Interictal basal ganglia and neuropsychiatry

If basal ganglia are involved in the control of seizures, as suggested by animal studies, and in particular in the maintenance of interictal states, one should expect clinical signs reflecting the interictal functional recruitment of these circuits. Obviously, patients with epilepsy never exhibit parkinsonian signs interictally, but they could present behavior and thought disorders potentially related to a basal ganglia dysfunction. Imaging studies have highlighted subcortical metabolism changes in patients with temporal lobe epilepsy [15, 68] (see also Semah in this issue). While some authors have suggested that subcortical hypometabolism ipsilateral to the epileptic focus should reinforce the epileptogenic potential in such patients [68], accumulating evidence supports a strong participation of basal ganglia in some aspects of clinical psychiatry.

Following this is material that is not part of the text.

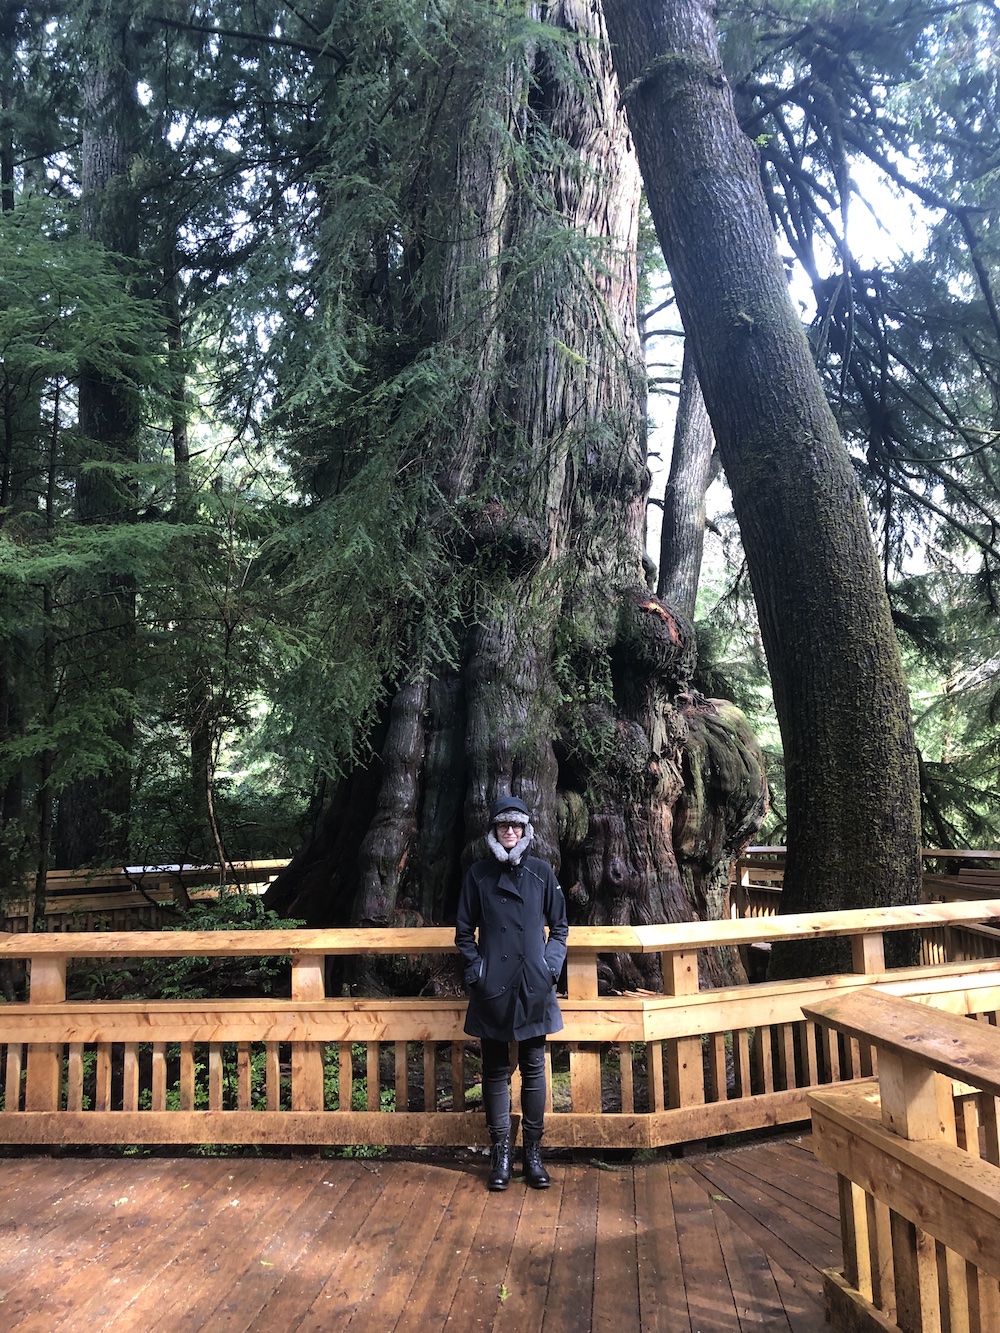 Myself standing in front of a large Sequoia.

In particular, as suggested by a recent review paper [69], basal ganglia dysfunction may contribute to depression, psychotic behavior, obsessive-compulsive behavior, a full range of manifestation known to occur during interictal states. Whether these manifestations could be related to interictal basal ganglia dysfunction remains speculative.

CONCLUSION

A wide range of ictal and interictal manifestations may reflect the involvement of basal ganglia at any point in the history of an epileptic disorder. Regarding the ictal clinical semiology, movement disorders associated with epileptic electrographic discharges could indicate a participation of basal ganglia. Dysfunction of basal ganglia interictally may modify the expression of seizures, which could, in turn, be responsible for some aspects of the interictal phenomenology, through a basal ganglia dysfunction. Understanding the role of the basal ganglia in epilepsy may lead to innovative therapeutic approaches.